You’re correct to point out that coding was never the only hard part, building a product also includes:
understanding the problem/market/user
architecting for scale/security/speed
making it usable and powerful at the same tiem
and the rest of the SDLC
So it may be that what keeps us out of this zone is not about code generation at all, but the fact the other parts of the whole product process get in the way, and those need to be improved. Ralph for Product Management anyone, keep asking the customer what their problem is, until they hang up the phone.
how we get to the golden zone
Bag of ideas:
The path forward isn't more sophisticated agent frameworks; it's tighter, dumber, more relentless loops with better-defined success criteria and more cost efficient specific models. Ralph on my friends.
Token costs come down because inner-loop Coding models don’t need to know who won the 1964 World Series (Beckett keeps telling me its the Cardinals), they just needs to know Python. Using an ensemble of these models with correct orchestration drives efficiency.
The complexity drops because you stop architecting and start specifying. You write the eval, you write the goal, you press go. The operator's job becomes defining what "done" looks like. Token costs stay reasonable because each loop iteration is cheap with the right models, you only pay for the convergence. You just give up control and caring about the code artifact, let Claude take the wheel.
When you have a human team working together for 3 years, the efficiency is off the charts. Teamwork makes the dream work. In agent town Skill files and durable context win. SKILL.md, AGENTS.md, persistent memory, scoped contexts collapse setup cost dramatically. If the agent shows up already knowing your stack, your conventions, your test patterns, your deployment quirks, then "complex setup" stops being a moat and starts being a one-time cost amortized across every future task. Ba
Complexity shift
So who gets the complexity?
Less for the operator. Dramatically less. The whole golden zone bet is that the person sitting at the keyboard does less plumbing, not more.
More for the system. Loops need good evals. Skill files need maintenance. Invisible orchestration needs routing logic, fallback handling, cost controls. The complexity doesn't disappear though, it migrates from the operator's lap to the tool's internals, where it belongs. How much control do you have/do you want in this great power/great responsibility world however? We love to tweak our environments, processes, stack, languages etc.. Now you’re into the harness-customization game.
The arc is clear:
We started with coding → autocomplete, then chat-based code generation. Cursor and Claude Code own this.
We moved to designing-and-coding → the operator architects, the agent implements. Claude Code Teams, Cursor Agents.
The golden zone is planning-designing-architecting-coding-testing → the operator specifies intent and acceptance criteria, the system handles everything else.
Can one person stand in for a team of ten?
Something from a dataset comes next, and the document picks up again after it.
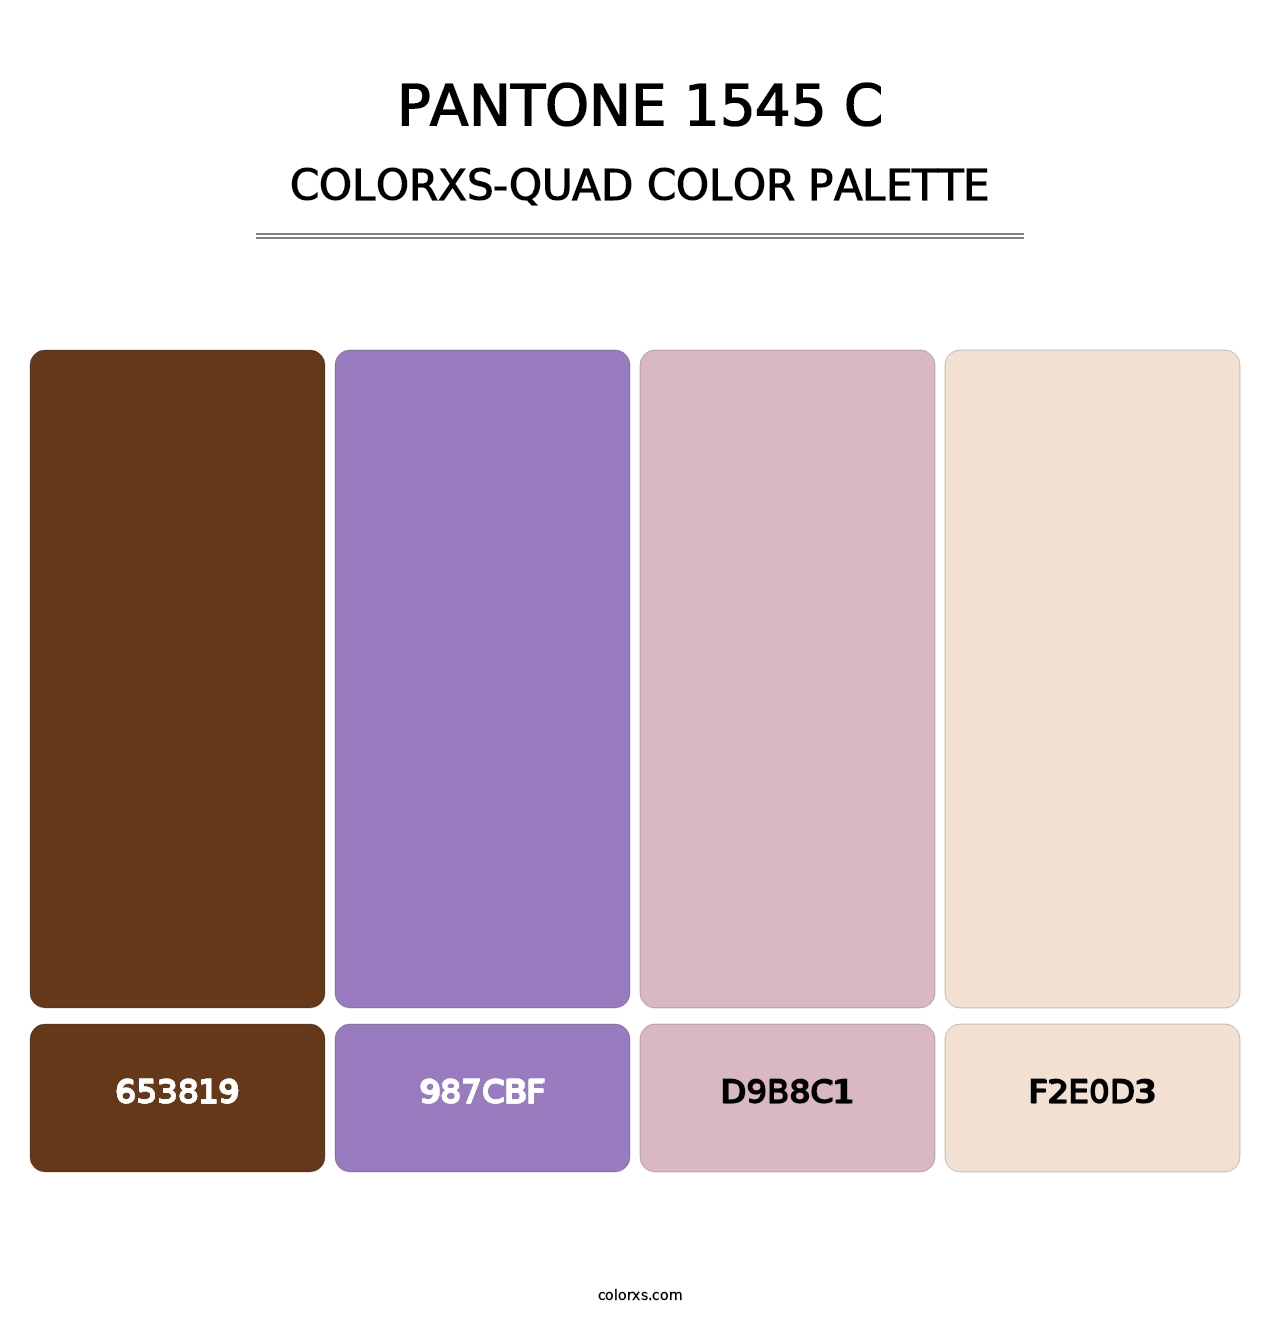 PANTONE 1545 C - Colorxs Quad Palette

Are we willing and able to let go of the the current model?
If you’ve used Lovable, it feels pretty awesome when you get started. Chat to an agent, it builds as you go, you put credits into the machine and out comes working code. Deploy it to their cloud, hook up some DNS and boom (this took me under an hour https://agentstomp.ai/). As complexity gets to enterprise grade, it becomes not worth the energy and time spent to agent-splain complex business requirements, multi-tenant SaaS needs, Permissions systems or items requiring complex architecture. This is where the harness-engineering approach has to shine. Its slower to get started, but as you embrace complexity, throwing a team of specialists at hard problems has to deliver the goods.
Next month there will be another leap forward, the question is, can we get to the “Golden Zone” of quick to build, token efficient complete working systems, or do we not get to have our cake and eat it too?